Actually, insert smp_rmb() at the start of arc_emac_tx_clean() as it
does not need to be performed withing the loop and would penalize it.

Given the implicit smp barriers in the non-driver code, I consider
"arc_emac_tx_clean on one CPU does not read latest txbd_dirty value written
by previous arc_emac_tx_clean on different CPU" as utter onanism but
issueing smp_rmb() at the start of arc_emac_tx_clean() nails it as well.

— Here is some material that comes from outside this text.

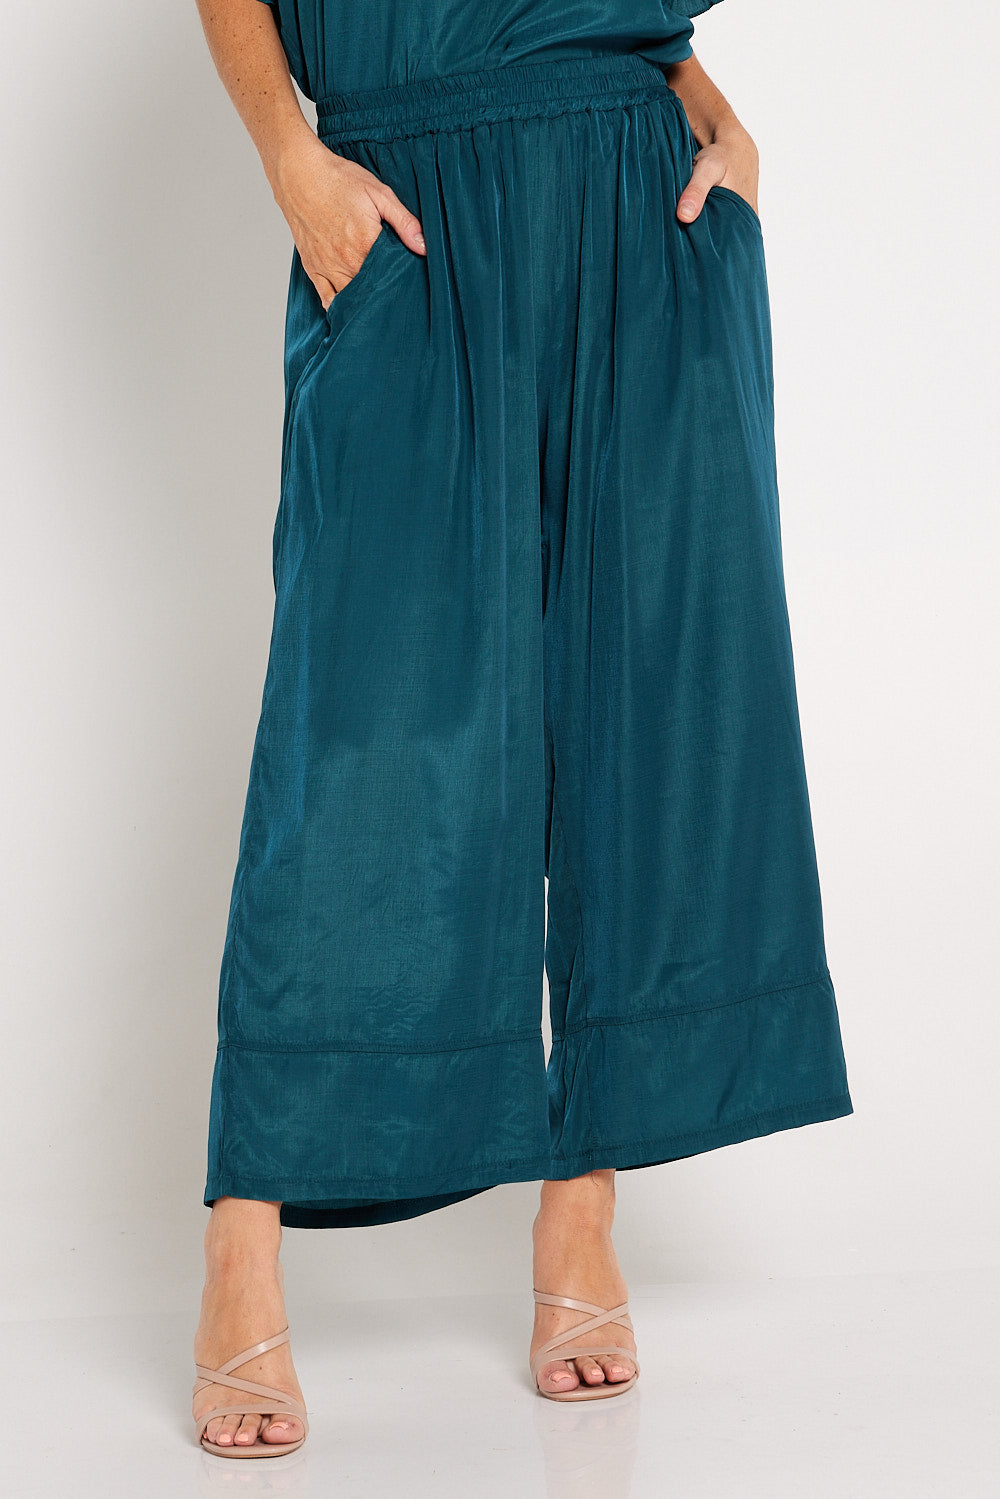 Robyn Pants - Teal | Cotton Village Evening Clothes for Women – TULIO ...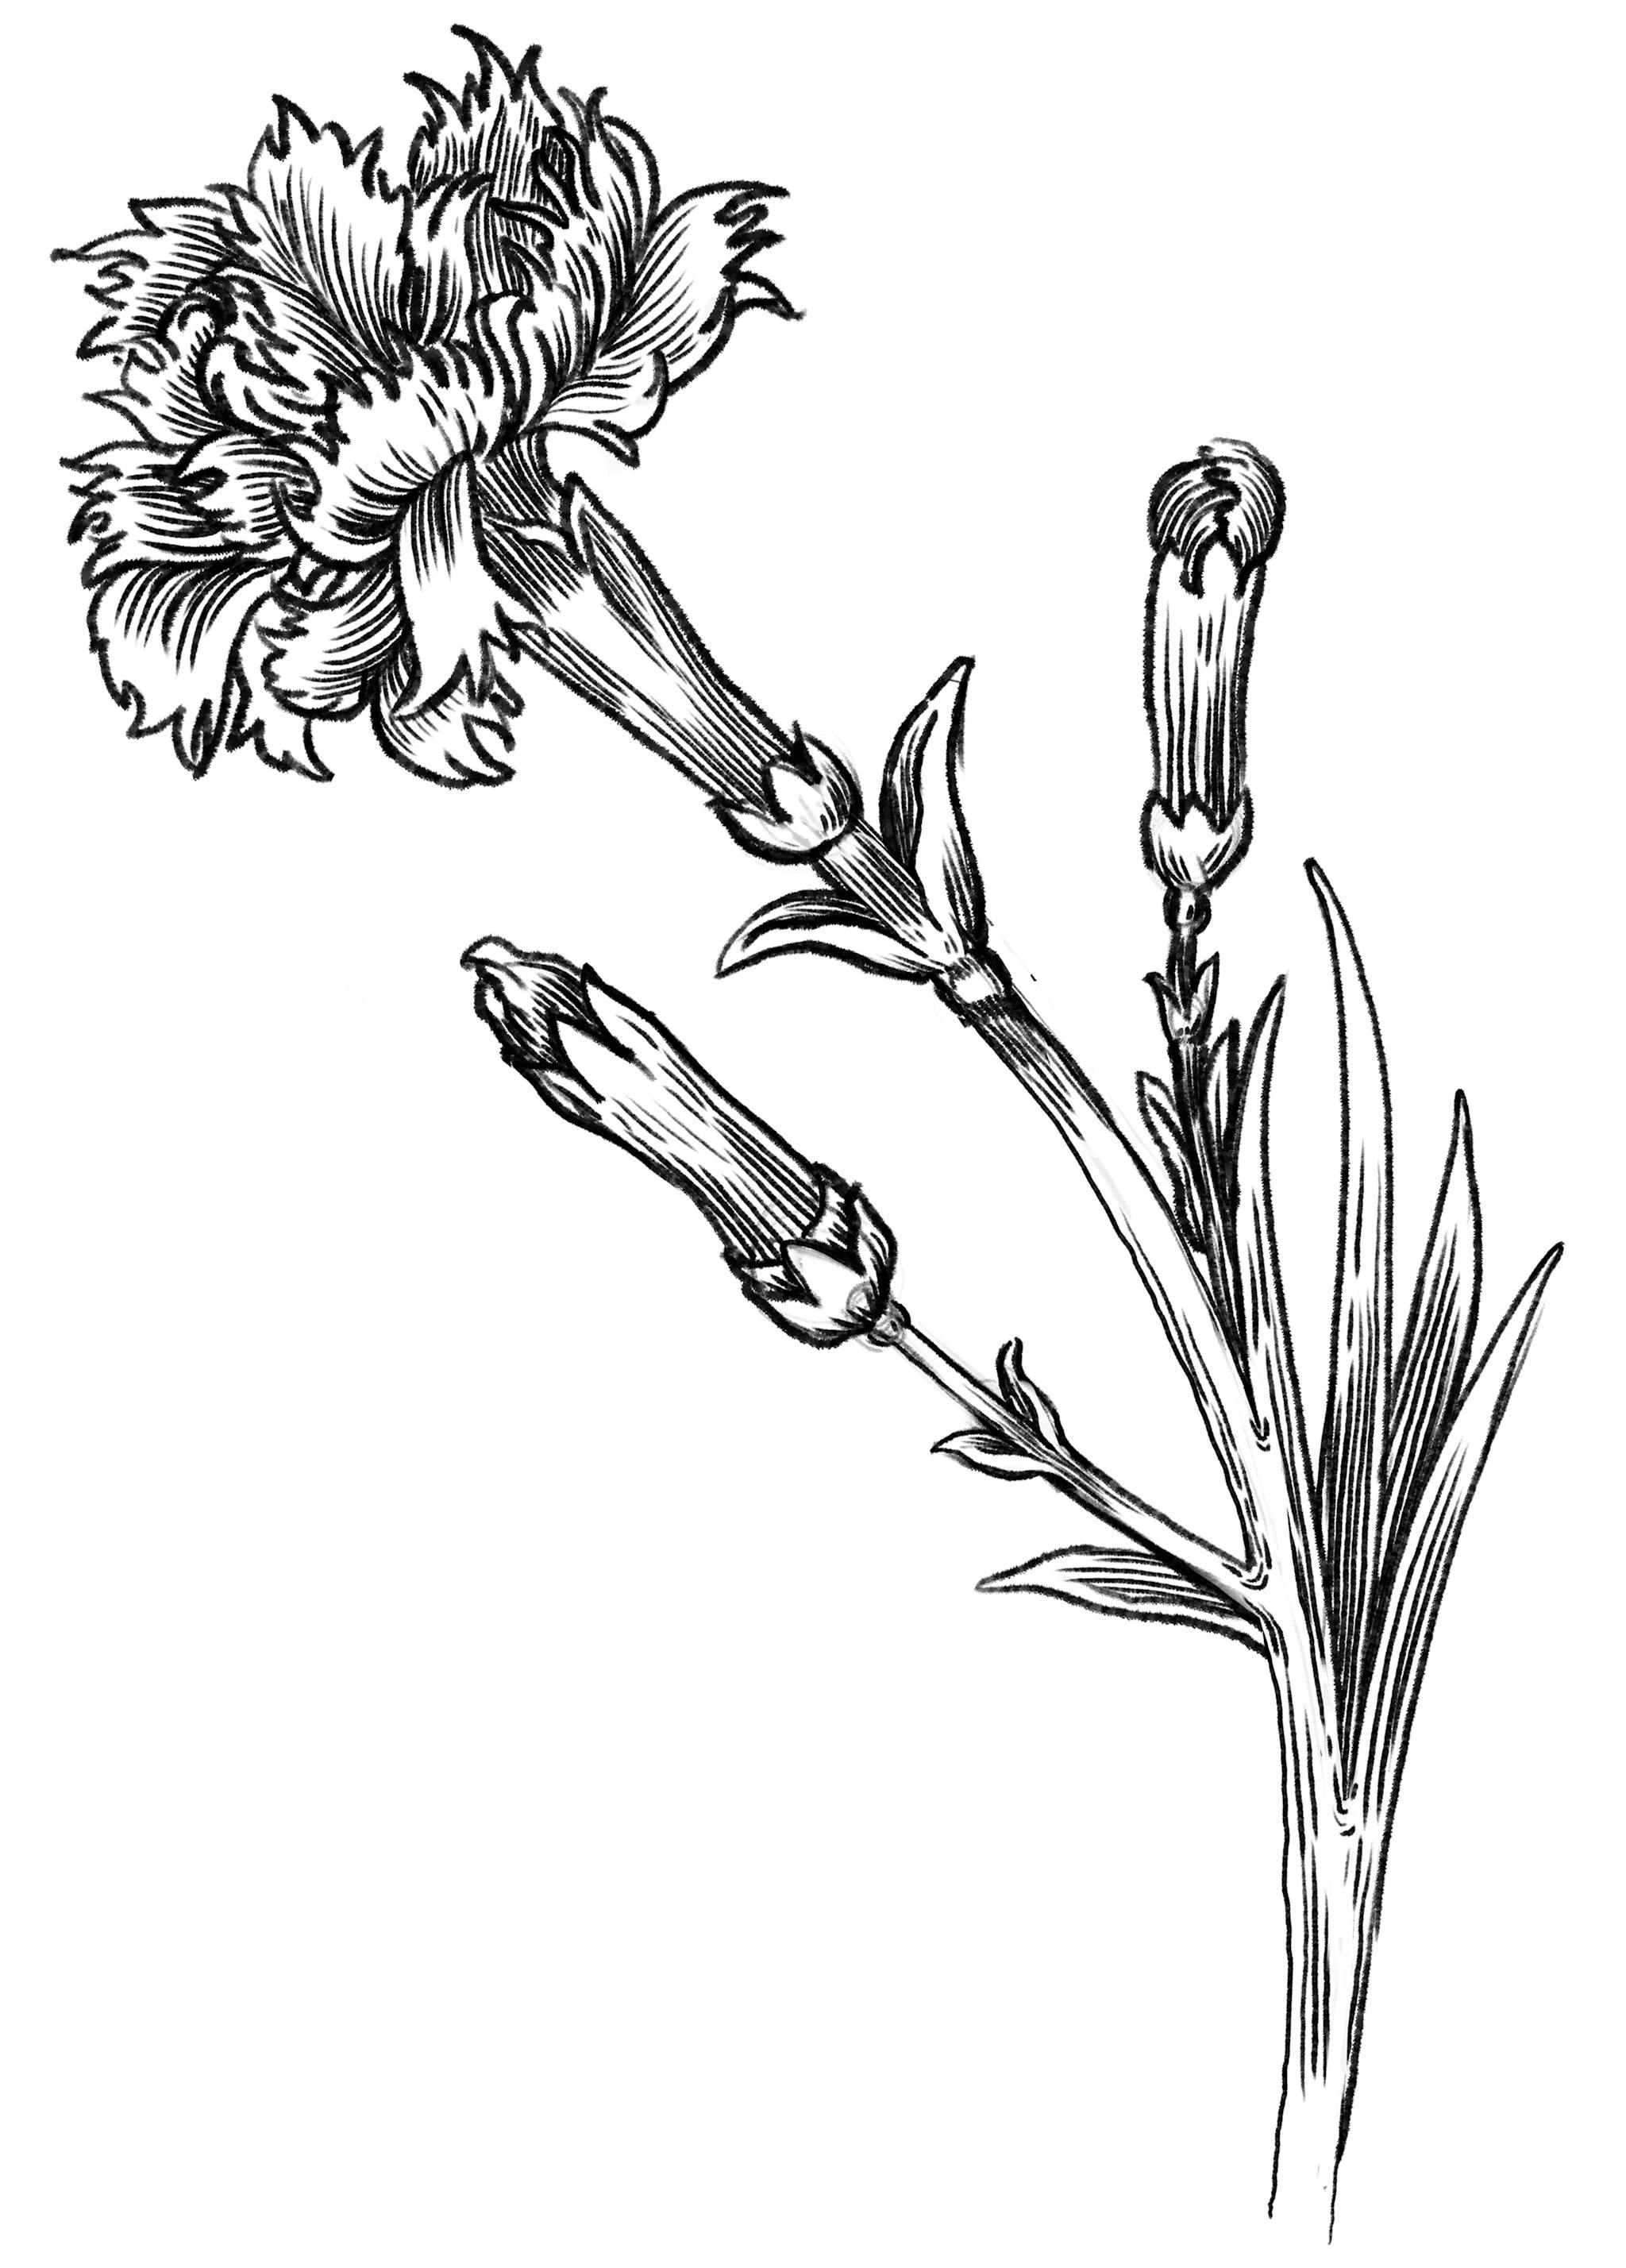 Illustration of a carnation in an XVI century engraving style

> -		if ((info & FOR_EMAC) || !txbd->data || !skb)
> +		if (*txbd_dirty == priv->txbd_curr)
>  			break;

Ok, it's just the "while (priv->txbd_dirty != priv->txbd_curr) {" loop
in disguise.

>  
> +		/* Make sure curr pointer is consistent with info */
> +		rmb();
> +
> +		info = le32_to_cpu(txbd->info);
> +
> +		if (info & FOR_EMAC)
> +			break;

With proper ordering + barrier in arc_emac_tx() you can relax it to smp_rmb().

> +
> +		skb = tx_buff->skb;
> +
>  		if (unlikely(info & (DROP | DEFR | LTCL | UFLO))) {
>  			stats->tx_errors++;
>  			stats->tx_dropped++;
> @@ -195,8 +205,8 @@ static void arc_emac_tx_clean(struct net_device *ndev)
>  		*txbd_dirty = (*txbd_dirty + 1) % TX_BD_NUM;
>  	}
>  
> -	/* Ensure that txbd_dirty is visible to tx() before checking
> -	 * for queue stopped.
> +	/* Ensure that txbd_dirty is visible to tx() and we see the most recent
> +	 * value for txbd_curr.
>  	 */
>  	smp_mb();
>  
> @@ -680,35 +690,29 @@ static int arc_emac_tx(struct sk_buff *skb, struct net_device *ndev)
>  	dma_unmap_len_set(&priv->tx_buff[*txbd_curr], len, len);
>  
>  	priv->txbd[*txbd_curr].data = cpu_to_le32(addr);
> -
> -	/* Make sure pointer to data buffer is set */
> -	wmb();
> +	priv->tx_buff[*txbd_curr].skb = skb;
>  
>  	skb_tx_timestamp(skb);
>  
>  	*info = cpu_to_le32(FOR_EMAC | FIRST_OR_LAST_MASK | len);

No.

You need dma_wmb() after skb_tx_timestamp() to commit skb_tx_timestamp() [*]
and data = cpu_to_le32(addr).

[*] I doubt anyone want a dma_sync_single_...() here.

>  
> -	/* Make sure info word is set */
> +	/* 1. Make sure that with respect to tx_clean everything is set up
> +	 * properly before we advance txbd_curr.
> +	 * 2. Make sure writes to DMA descriptors are completed before we inform
> +	 * the hardware.
> +	 */
>  	wmb();

Yes, either wmb() or smp_wmb() + dma_wmb().

>  
> -	priv->tx_buff[*txbd_curr].skb = skb;
> -
>  	/* Increment index to point to the next BD */
>  	*txbd_curr = (*txbd_curr + 1) % TX_BD_NUM;
>  
> -	/* Ensure that tx_clean() sees the new txbd_curr before
> -	 * checking the queue status. This prevents an unneeded wake
> -	 * of the queue in tx_clean().
> +	/* Ensure we see the most recent value of txbd_dirty and tx_clean() sees
> +	 * the updated value of txbd_curr.
>  	 */
>  	smp_mb();

Nit: s/the most/a/

"a" as in "arc_emac_tx_clean() _is_ racing with arc_emac_tx"

>  
> -	if (!arc_emac_tx_avail(priv)) {
> +	if (!arc_emac_tx_avail(priv))
>  		netif_stop_queue(ndev);
> -		/* Refresh tx_dirty */
> -		smp_mb();
> -		if (arc_emac_tx_avail(priv))
> -			netif_start_queue(ndev);
> -	}

No.

I may sound like an old record but the revalidation part must be kept.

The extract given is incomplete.